The benchmark is system-neutral, but this repository currently focuses on a practical OpenClaw evaluation lineup built around one baseline runtime and four memory-system integrations:

Benchmark track	Runtime setup	Upstream project	Notes
`baseline`	OpenClaw reference agent with the standard benchmark workspace and no additional benchmark-specific memory augmentation	OpenClaw	Use this as the no-augmentation control row. In practice, teams often keep only the standard OpenClaw memory-core or session-memory path enabled here.
`mem0`	OpenClaw with the Mem0-backed memory plugin enabled	serenichron/openclaw-memory-mem0	Mem0-backed semantic memory via a self-hosted Mem0 REST API.
`clawvault`	OpenClaw with ClawVault installed and wired into the runtime	Versatly/clawvault	Structured, local-first memory with markdown storage, graph-aware retrieval, and session lifecycle primitives.
`lossless-claw`	OpenClaw with the Lossless-Claw context engine enabled	@martian-engineering/lossless-claw	DAG-based lossless context compaction and expansion under the same OpenClaw runtime family.
`cortex`	OpenClaw with the Cortex memory plugin enabled	Ubundi/openclaw-cortex	Knowledge-graph-oriented long-term memory with auto-recall, auto-capture, and direct memory tools.

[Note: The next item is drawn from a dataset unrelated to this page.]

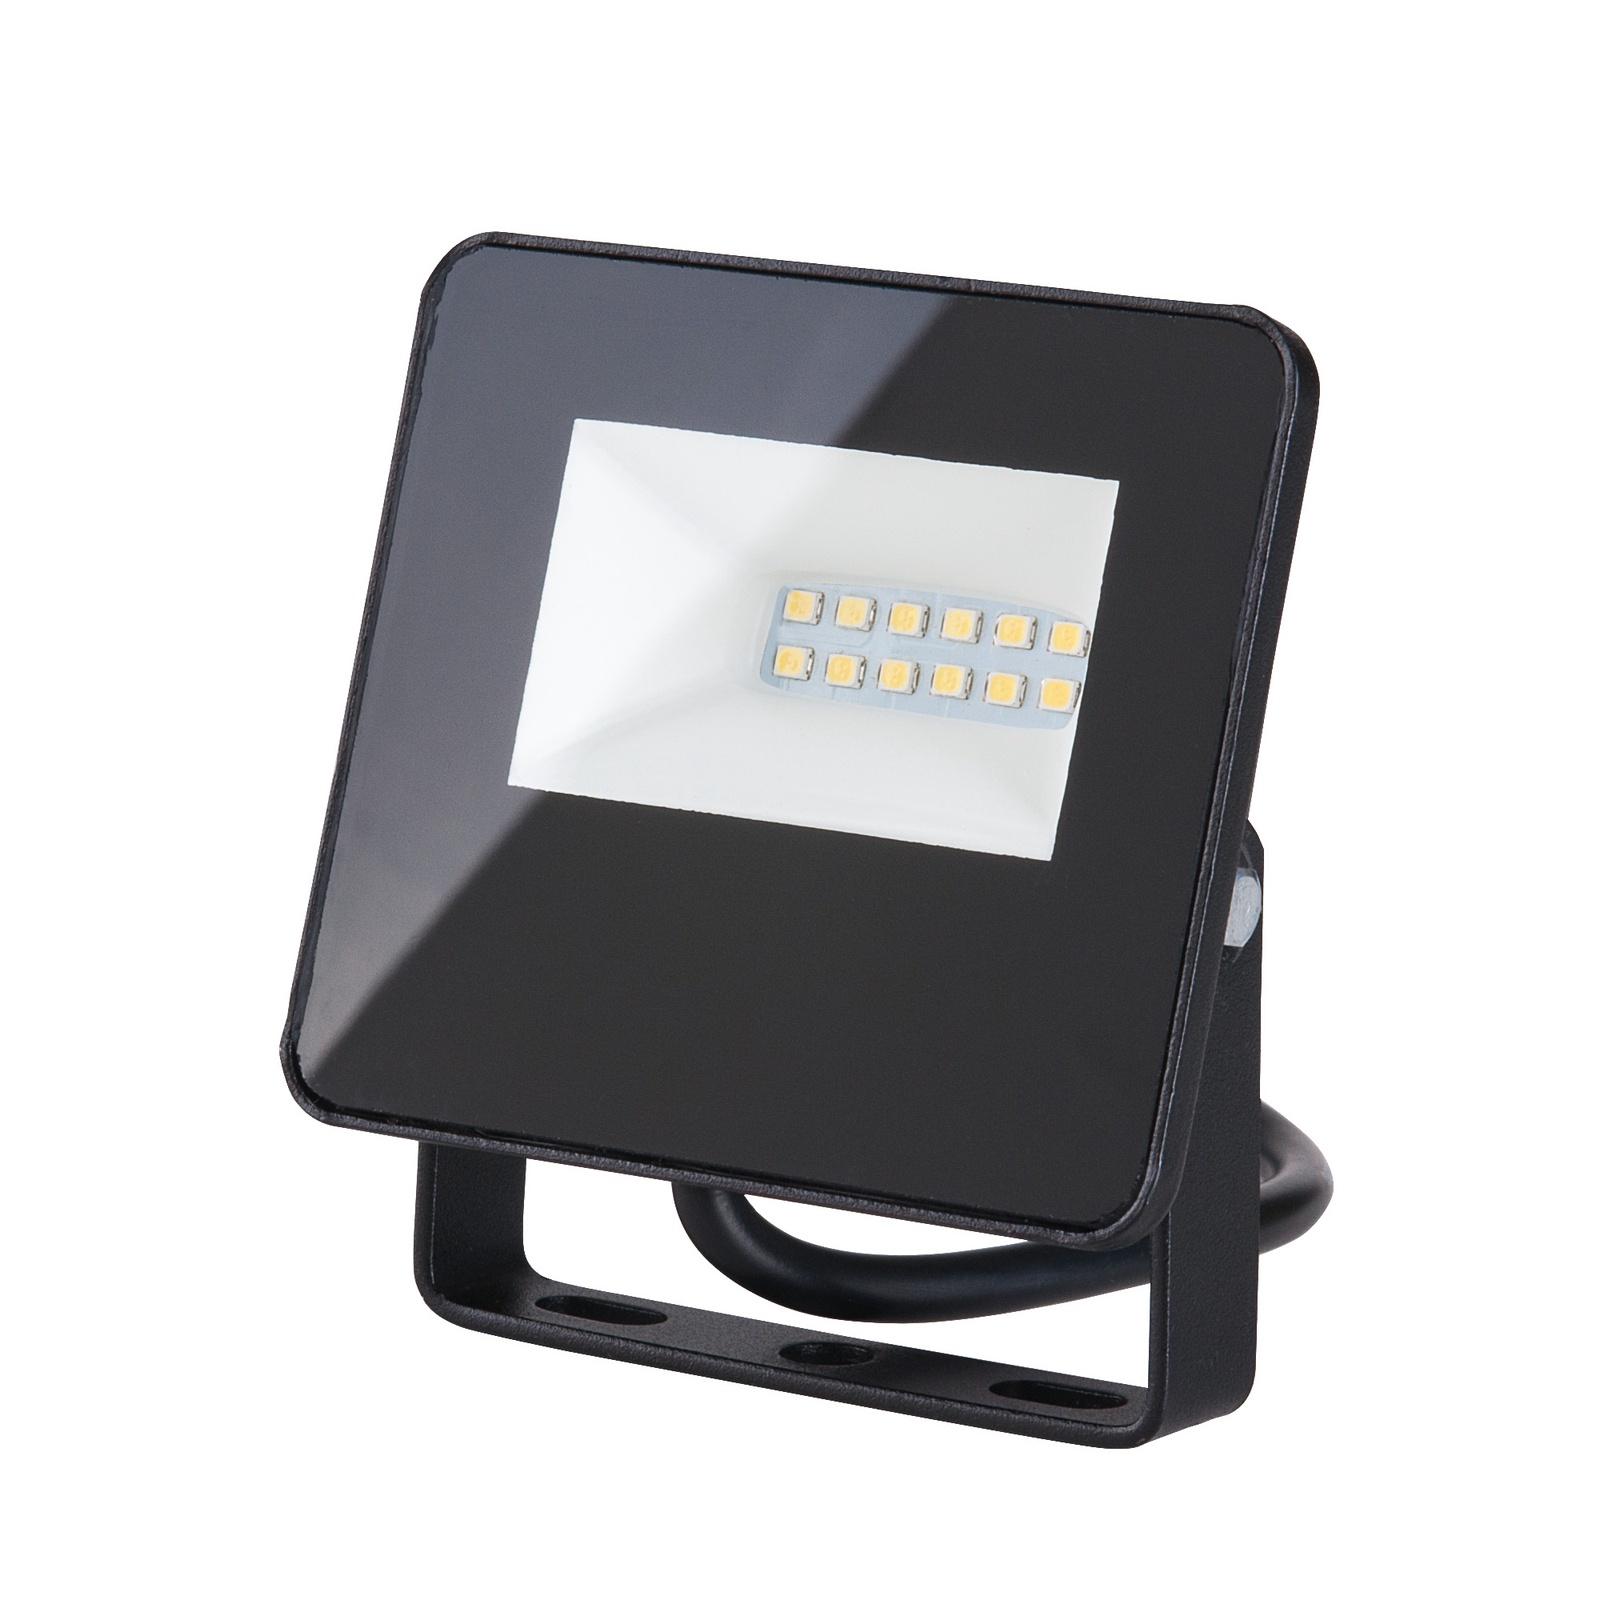 купить Прожектор Elektrostandard светодиодный 010 FL LED 10W 6500K IP65, 6500, 10 Вт онлайн

Important: Engram does not install, enable, or configure these memory systems for you. The benchmark measures whatever runtime state your agent already exposes. The --condition flag labels the evaluated configuration and enables benchmark-side behavior where implemented, such as Cortex preflight/date handling and condition-aware settle defaults.

What Engram Measures

Engram is designed to answer three benchmark questions:

Can an agent retrieve grounded project details from prior sessions?
Can it preserve rationale, evolution, and cross-session synthesis rather than only isolated facts?
How does it trade off grounded recall, abstention, and hallucination under a fixed runtime protocol?

Engram is not trying to reduce memory evaluation to binary QA accuracy. The benchmark intentionally distinguishes four outcomes: grounded recall, generic but underspecified recall, abstention, and hallucinated specificity.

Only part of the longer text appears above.